Search code examples
rustparquet

How do I box two objects whose lifetimes are linked?


I'm trying to use the parquet library to create a record iterator object in a function that can be iterated using my own trait called RecordIterator. It looks like this:

    fn blah(dataset_info: DatasetInfo, file: File) -> Result<Box<dyn RecordIterator<Item=Record>>, Box<dyn Error>> {
        let reader = SerializedFileReader::new(file).unwrap();
        let iter = (&reader).get_row_iter(None).unwrap();
        let column_type = *dataset_info.column_type.clone();
        let iterator = ParquetRecordIterator {
            iterator: iter,
            column_type: column_type,
            i: 0,
        };
        Ok(Box::new(iterator))
    }

The problem is that because iter has a lifetime attached to the SerializedFileReader variable it is created from, returning the ParquetRecordIterator (which implements the RecordIterator trait) object complains with an error saying:

cannot return value referencing local variable `reader` [E0515]

I would ideally not like to break the abstraction here, so how would you suggest implementing this function?
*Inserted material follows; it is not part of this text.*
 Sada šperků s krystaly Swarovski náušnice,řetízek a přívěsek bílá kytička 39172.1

Effectively, I would like to break the lifetime link between the reader and the iterator, but not sure how best I could do that, or use a different parquet API to do this.
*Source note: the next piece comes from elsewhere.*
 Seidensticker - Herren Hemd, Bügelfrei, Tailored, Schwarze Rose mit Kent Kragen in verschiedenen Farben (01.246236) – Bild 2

I've tried wrapping the file reader in a Box::new, hoping that the lifetimes would not be tied to an object in the heap, but unfortunately that doesn't seem to work.

I've NOT tried any libraries to deal with self-referential structs because it doesn't seem like they're recommended, so I was hoping for a standard way to solve this.
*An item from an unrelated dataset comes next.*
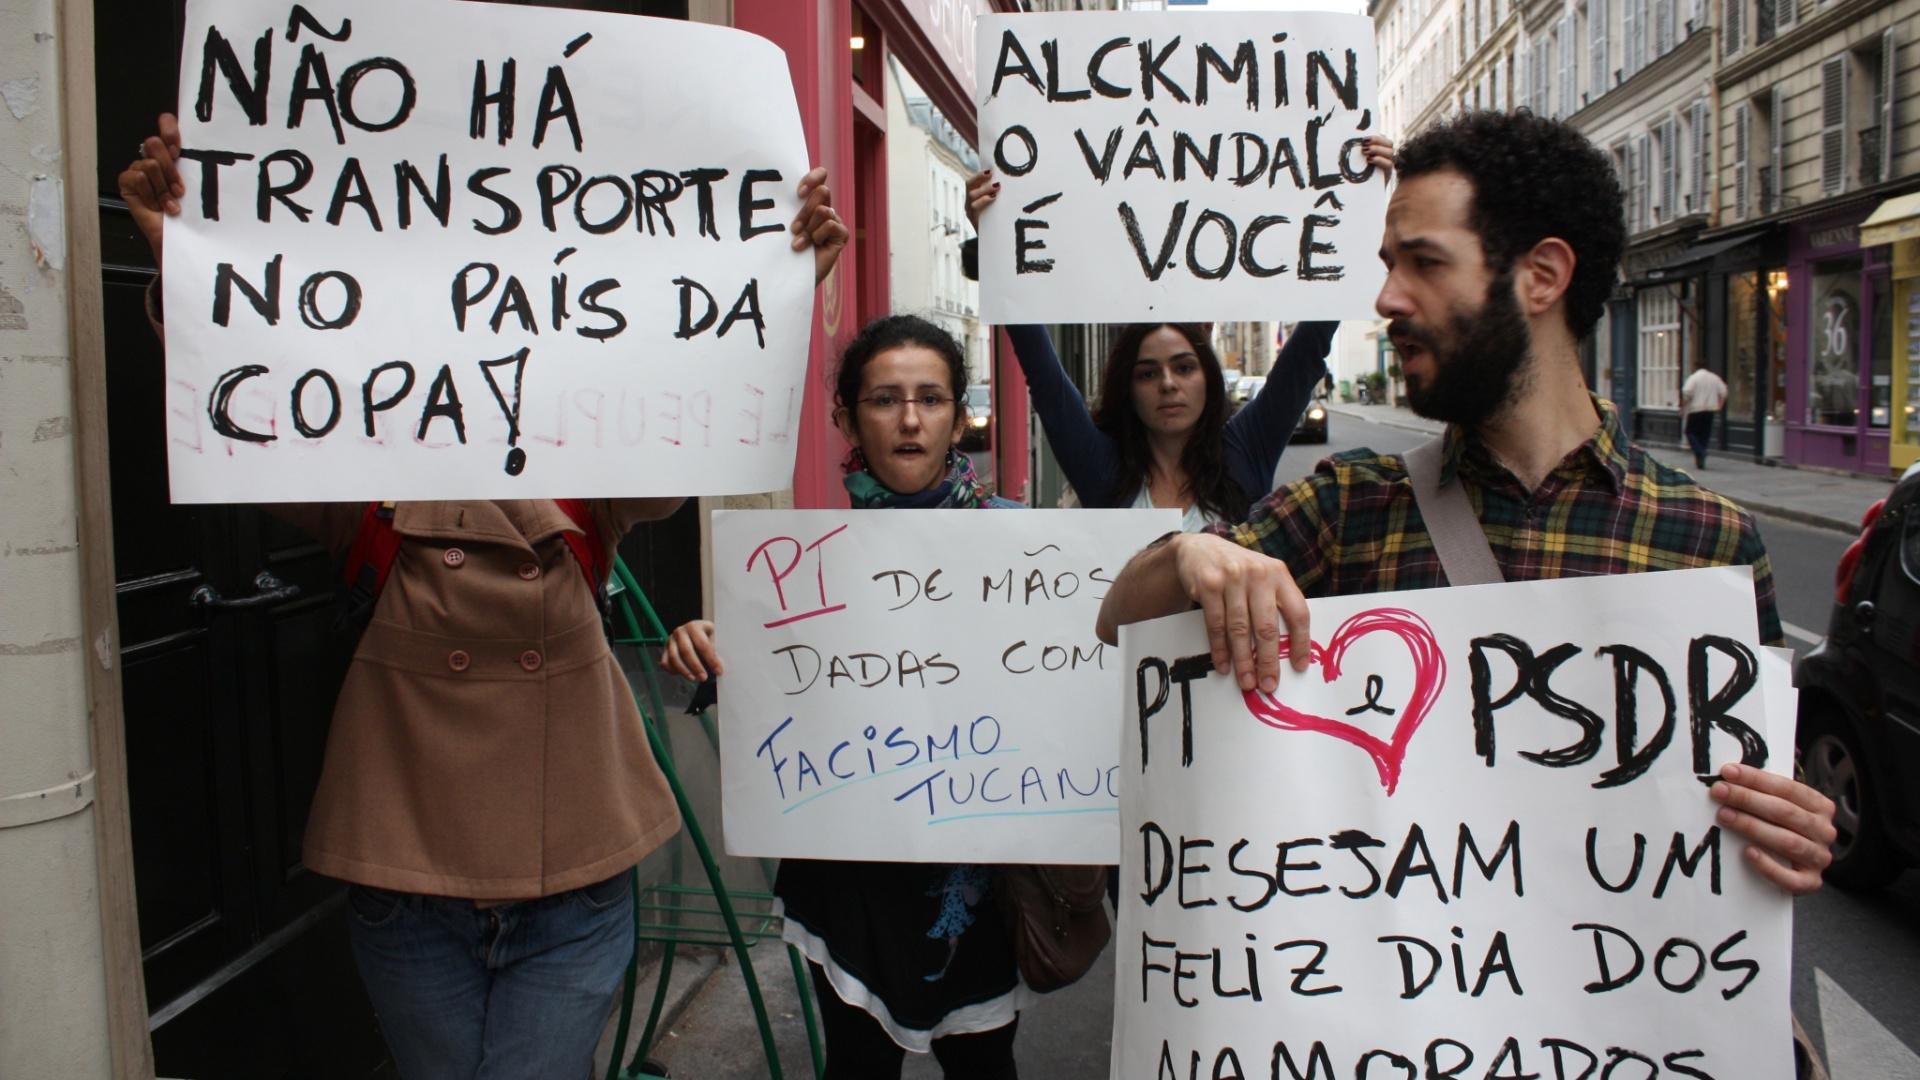 12jun2013---estudantes-brasileiros-protestaram-contra-o-aumento-da-tarifa-do-transporte-publico-de-sao-paulo-sp-em-frente-ao-hotel-onde-o-governador-do-estado-geraldo-alckmin-e-o-prefeito-de-sao-1371082765369_1920x1

I've NOT tried looking into other parquet libraries.


Solution

  • This is a hard problem in Rust since you're essentially trying to create a self-referential struct.

    Fortunately for you, you don't need to solve this problem in general, since the library you're using provides direct support for this use-case: impl IntoIterator for SerializedFileReader<File>. So:

        fn blah(dataset_info: DatasetInfo, file: File) -> Result<Box<dyn RecordIterator<Item=Record>>, Box<dyn Error>> {
            let reader = SerializedFileReader::new(file).unwrap();
            let iter = reader.into_iter();
            let column_type = *dataset_info.column_type.clone();
            let iterator = ParquetRecordIterator {
                iterator: iter,
                column_type: column_type,
                i: 0,
            };
            Ok(Box::new(iterator))
        }